▸ **WORK TASK**: Output each line of the data below exactly, omitting any image.

▸ **RAW DATA**:
● ● ●

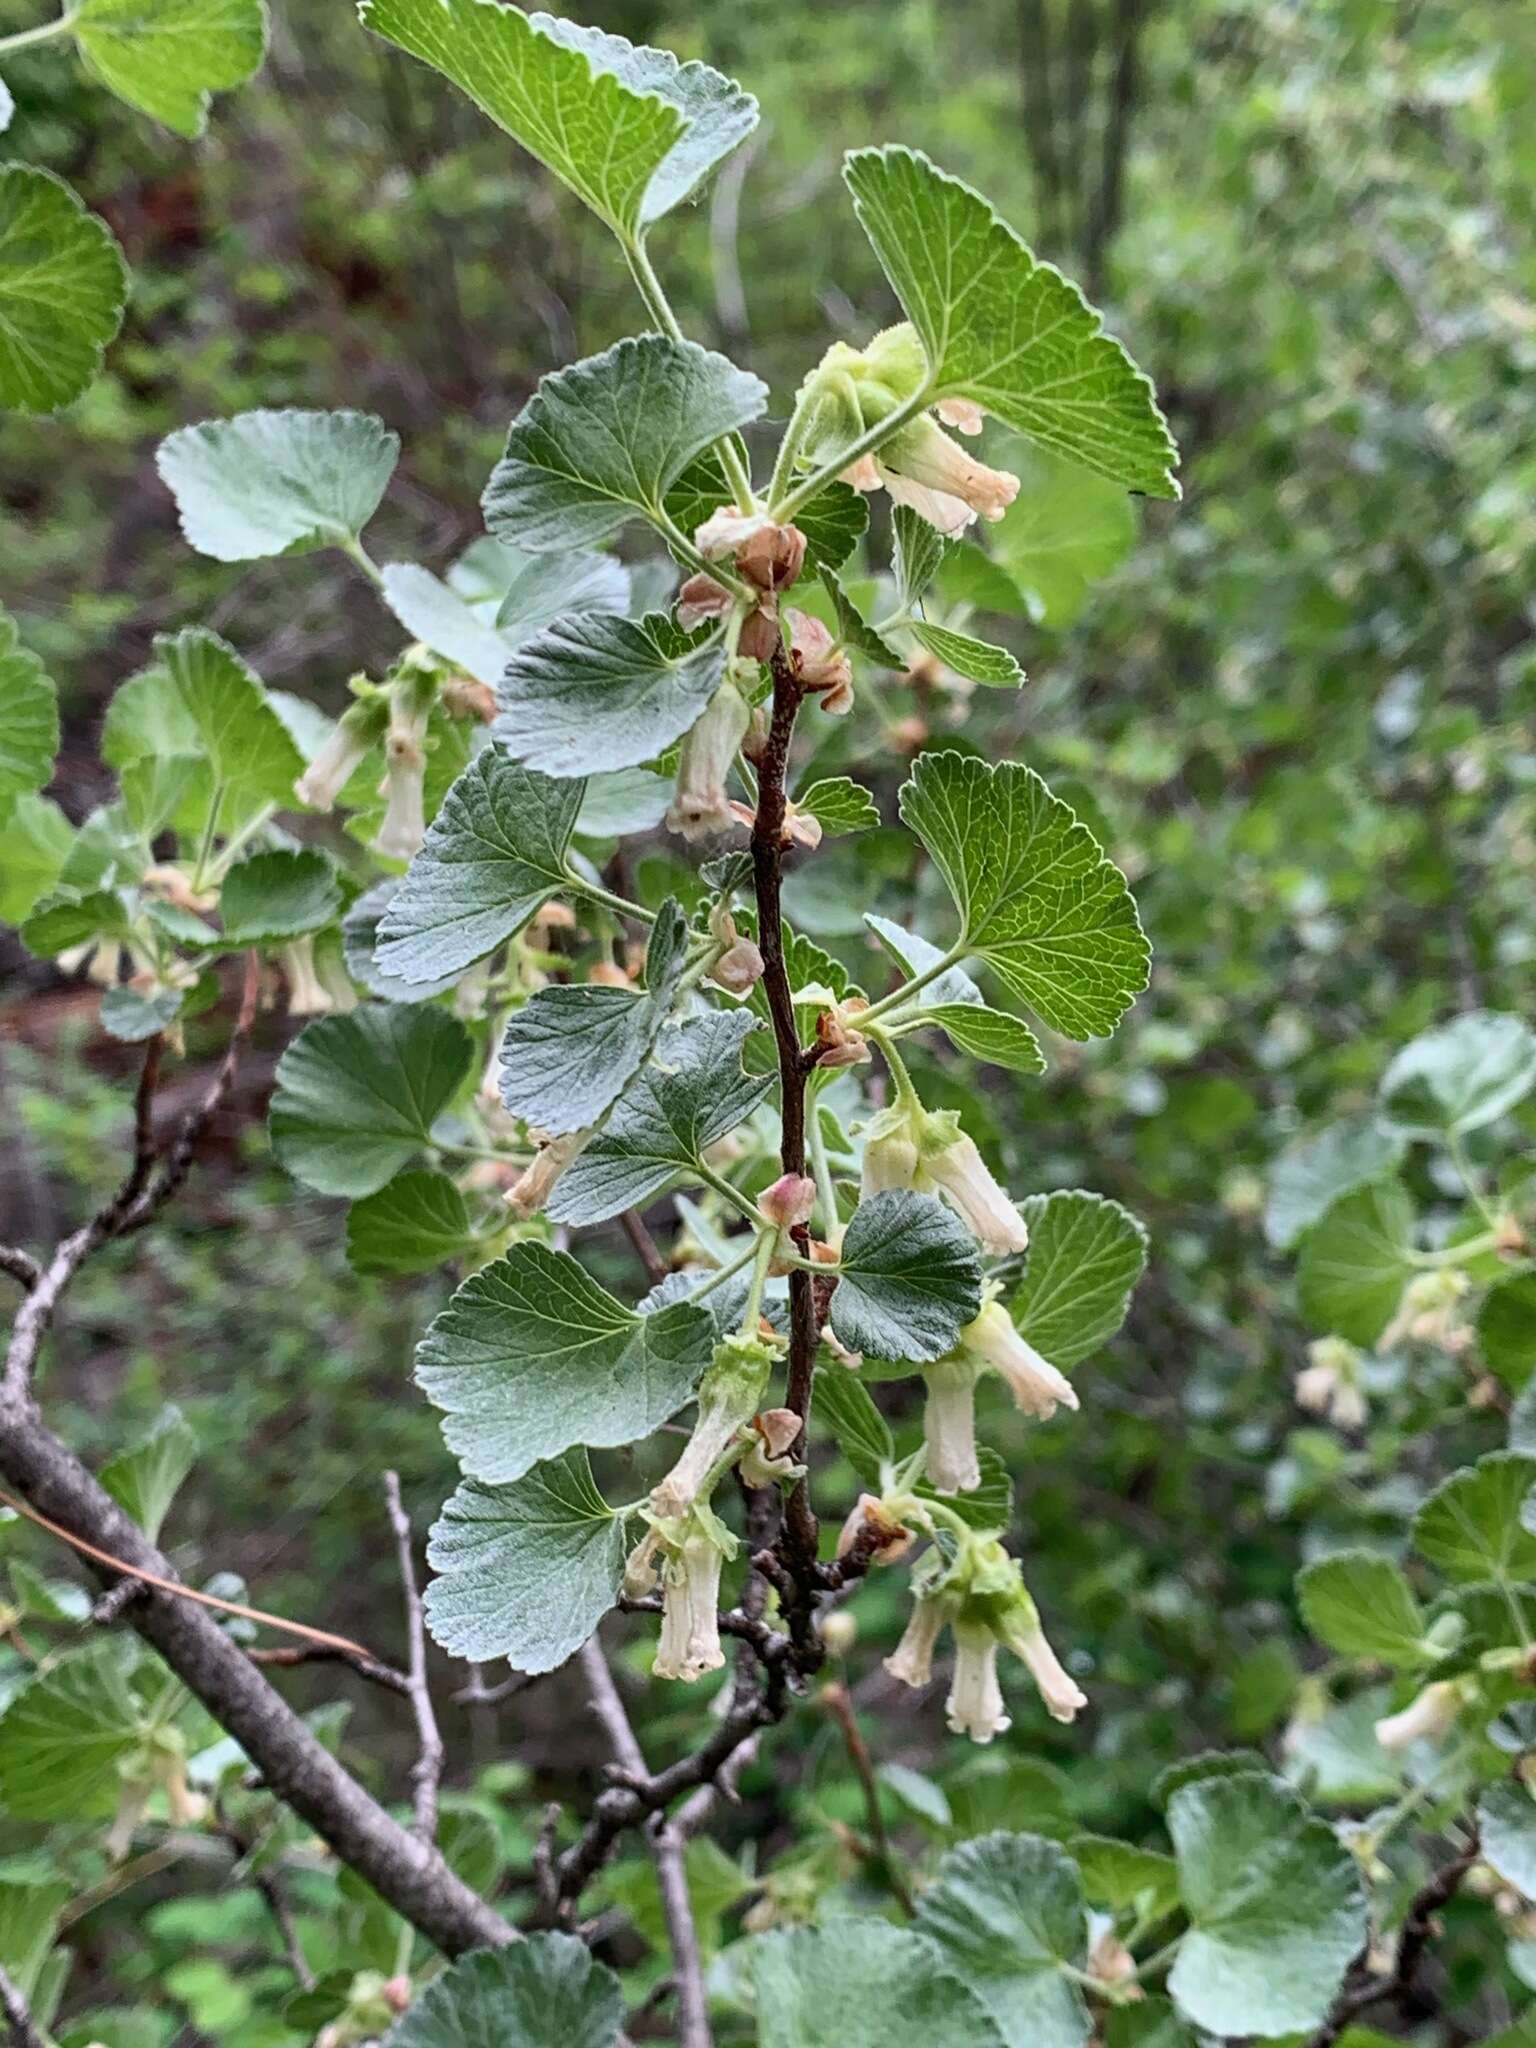 Image of whisky currant
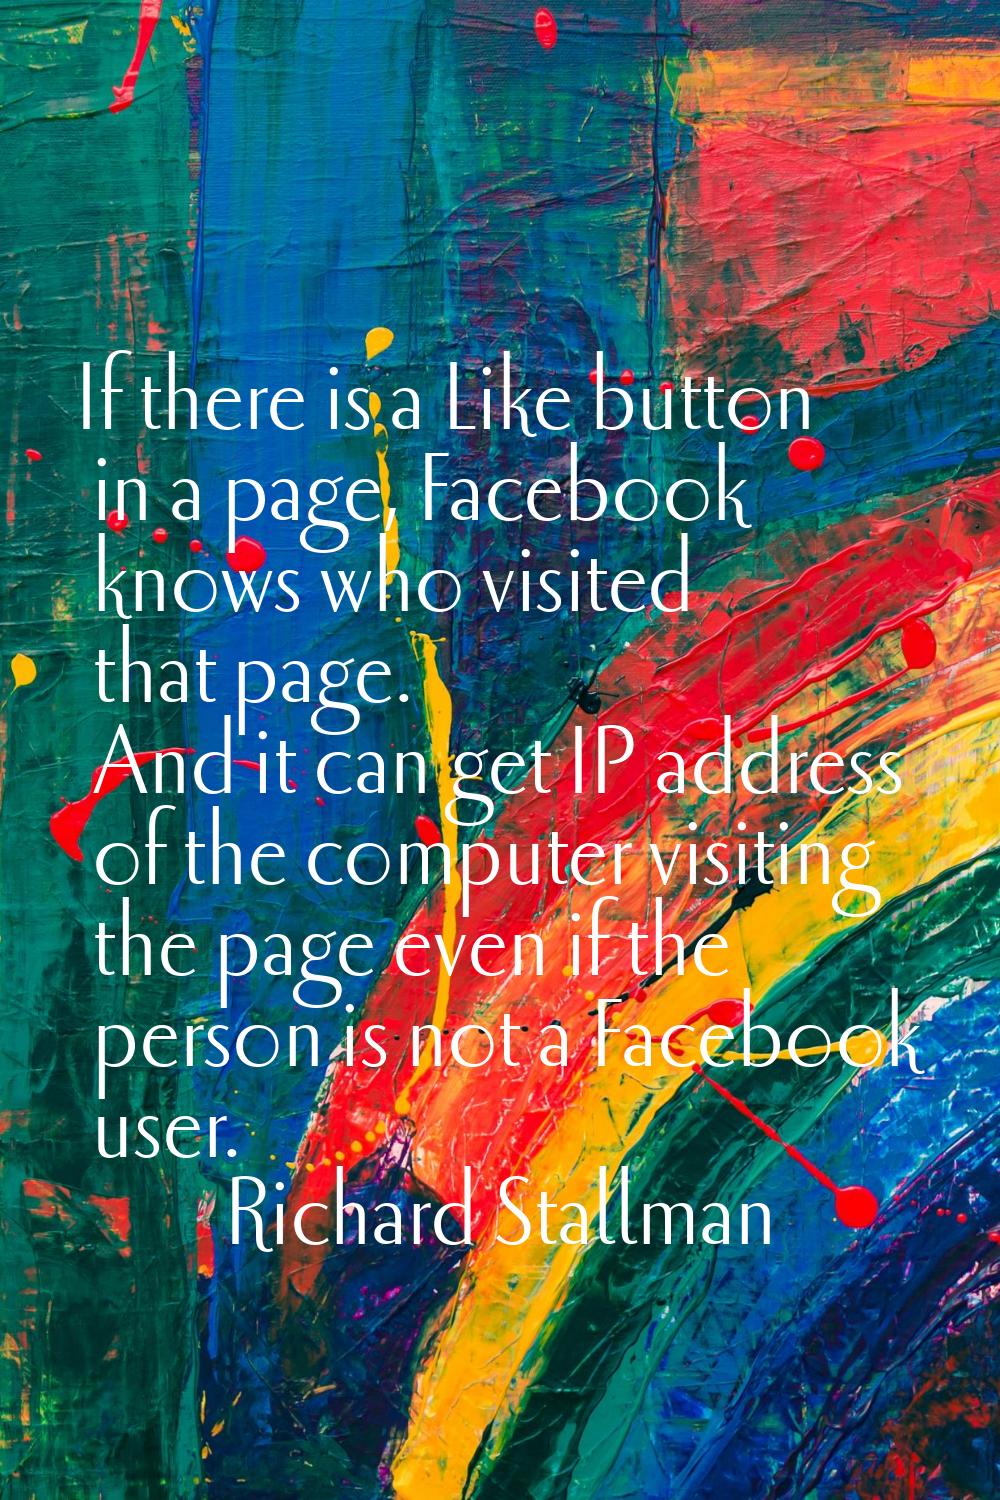 If there is a Like button in a page, Facebook knows who visited that page. And it can get IP addres
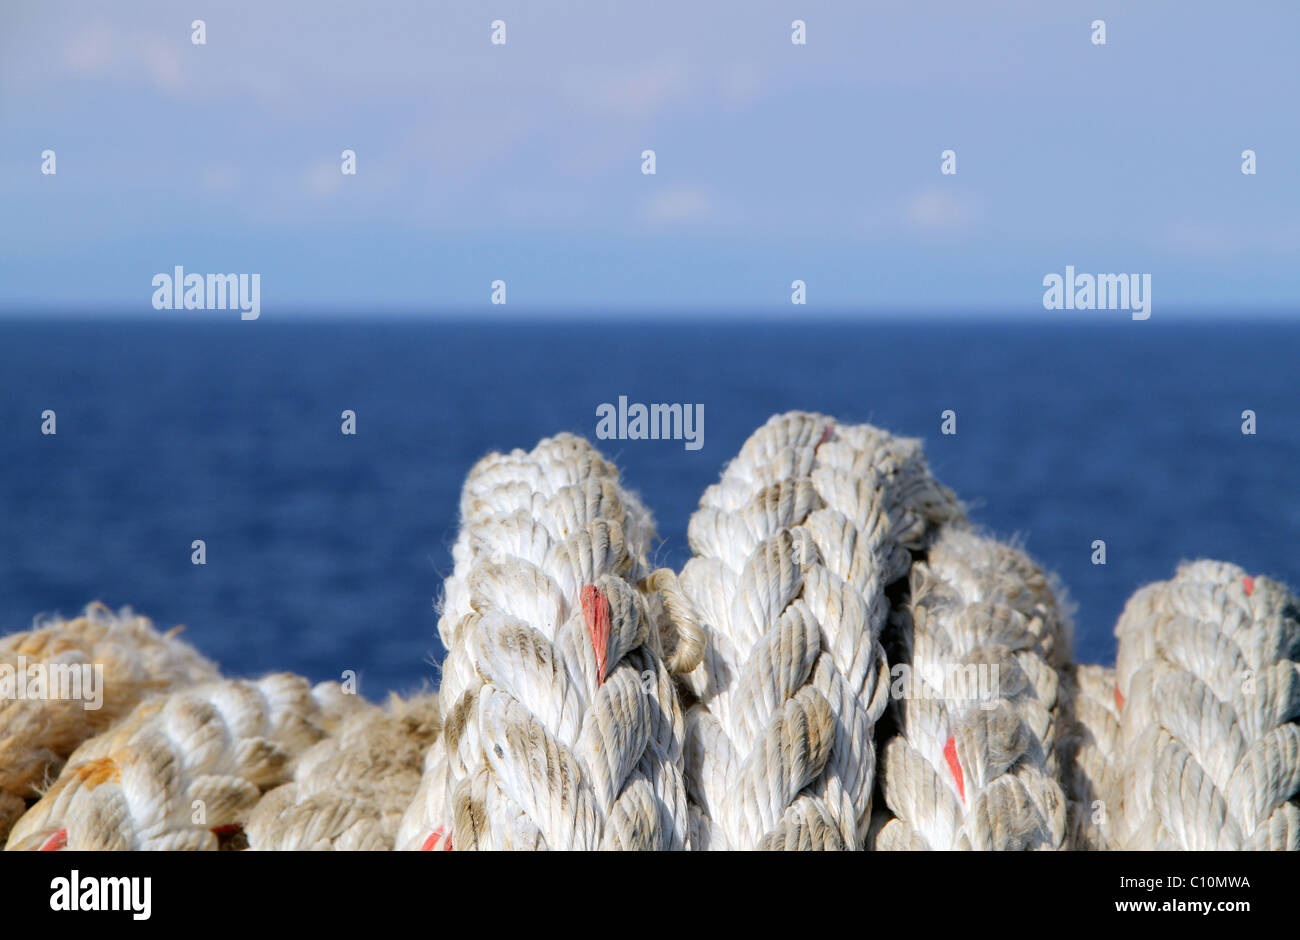 Rope on the edge of a ship Stock Photo

● ● ●

▸ **RESULT OF THE TASK**:
 Image of whisky currant
 If there is a Like button in a page, Facebook knows who visited that page. And it can get IP addres
 Rope on the edge of a ship Stock Photo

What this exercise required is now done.